20.04.2026
250.000 Euro Zwangsgeld: GGL geht gegen Capital Bra wegen Werbung für illegales Glücksspiel vor
„Wir schrecken auch vor bekannten Namen nicht zurück. Wer illegales Glücksspiel bewirbt, muss mit konsequenten behördlichen Maßnahmen rechnen.“ Damit kommentiert Ronald Benter, Vorstand der Gemeinsamen Glücksspielbehörde der Länder (GGL), das Vorgehen seiner Behörde gegen den Rapper Capital Bra. Er soll in Livestreams illegales Online-Glücksspiel gezeigt und beworben und die Videos davon auf seinen Social-Media-Kanälen zur Verfügung gestellt haben. Darüber hinaus soll er entsprechende Webseiten mit einer dauerhaften Bannerwerbung auf seinen Kanälen bewerben und eine Vergleichsseite für illegale Online-Glücksspielanbieter betreiben. Gemäß § 5 Abs. 7 des Glücksspielstaatsvertrags 2021 (GlüStV 2021) ist Werbung für illegales Glücksspiel in Deutschland verboten.
Konsequente Verfolgung
Demnach hatte die GGL bereits im Oktober 2025 ein Verfahren gegen Capital Bra wegen Werbung für illegales Glücksspiel eingeleitet. Der Rapper habe weder auf eine Anhörung noch auf eine Untersagungsverfügung einschließlich Zwangsgeldandrohung reagiert. Zur Durchsetzung der Verfügung hatte die GGL das Zwangsgeld von 250.000 Euro festgesetzt. Mithilfe des zuständigen Polizeipräsidiums Westhessen wurde diese Festsetzung bei einem Club-Konzert des Rappers am 18. April in Wiesbaden zugestellt. „lllegales Glücksspiel darf weder beworben noch durch scheinbar unterhaltende Inhalte verharmlost oder gefördert werden“, macht die GGL in diesem Kontext deutlich. Die Behörde betont, dass Streaming solcher Inhalte als Werbung gilt. Verstöße würden „konsequent mit Untersagungsverfügungen und empfindlichen Zwangsgeldern“ verfolgt.

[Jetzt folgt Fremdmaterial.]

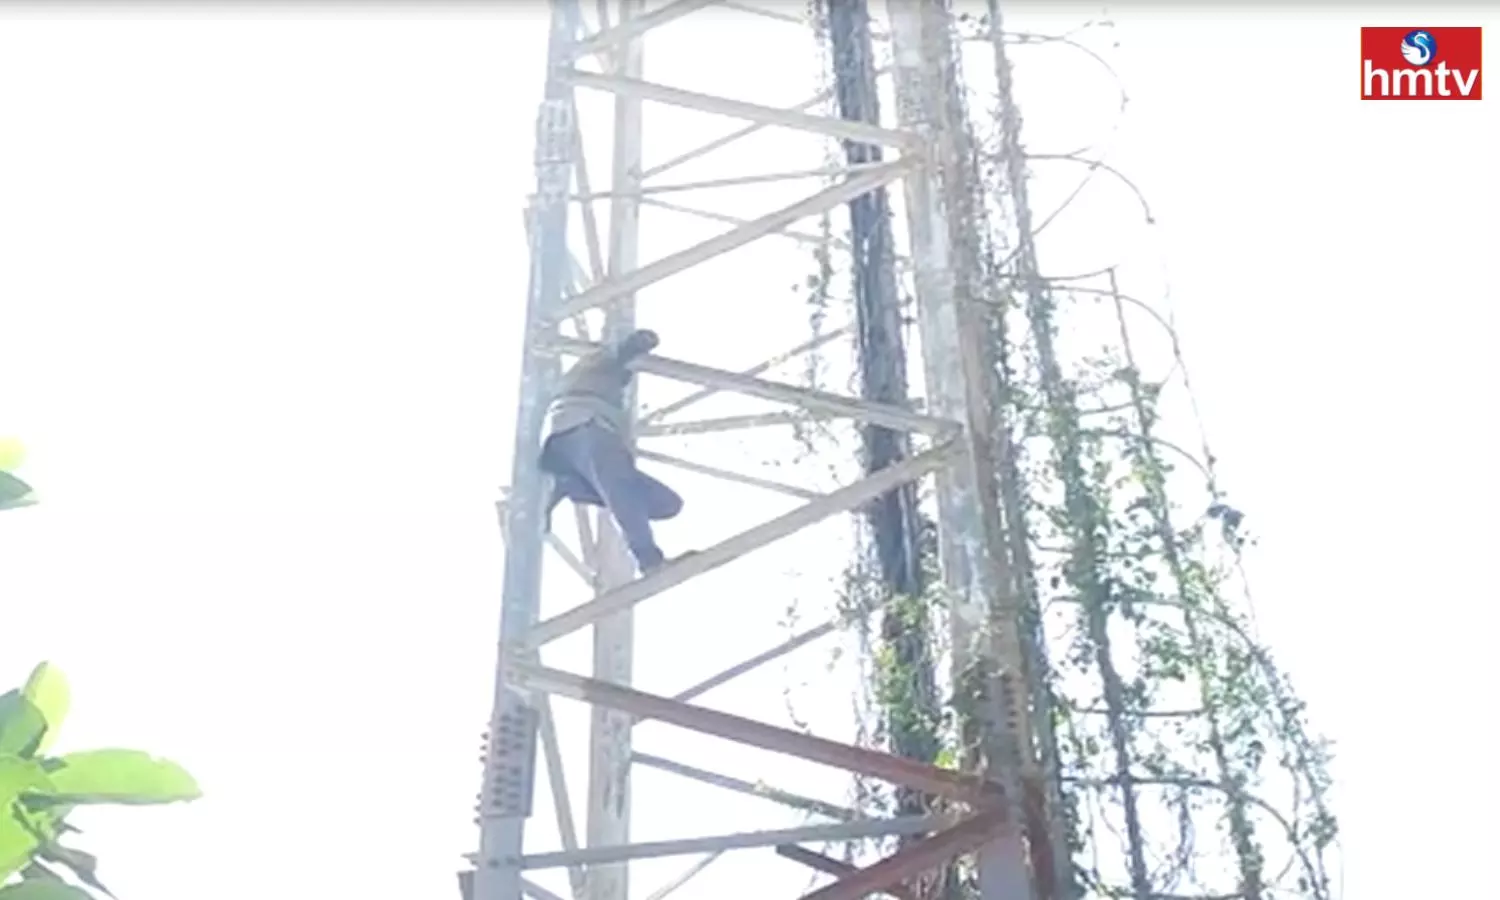 Protest by Climbing the Tower in Mulugu District

Warnung vor Werbepraktiken für illegales Glücksspiel
Die GGL warnt vor den Risiken nicht regulierter Angebote und kritisiert entsprechende Praktiken von Influencern und Streamern. Die in den Livestreams und Videos präsentierten virtuellen Automatenspiele sowie Online-Casino-Spiele können demnach manipuliert oder unrealistisch dargestellt sein. Zusätzlich würden durch die Streamer gezielt Anreize zur Teilnahme geschaffen, etwa durch Gewinnspiele.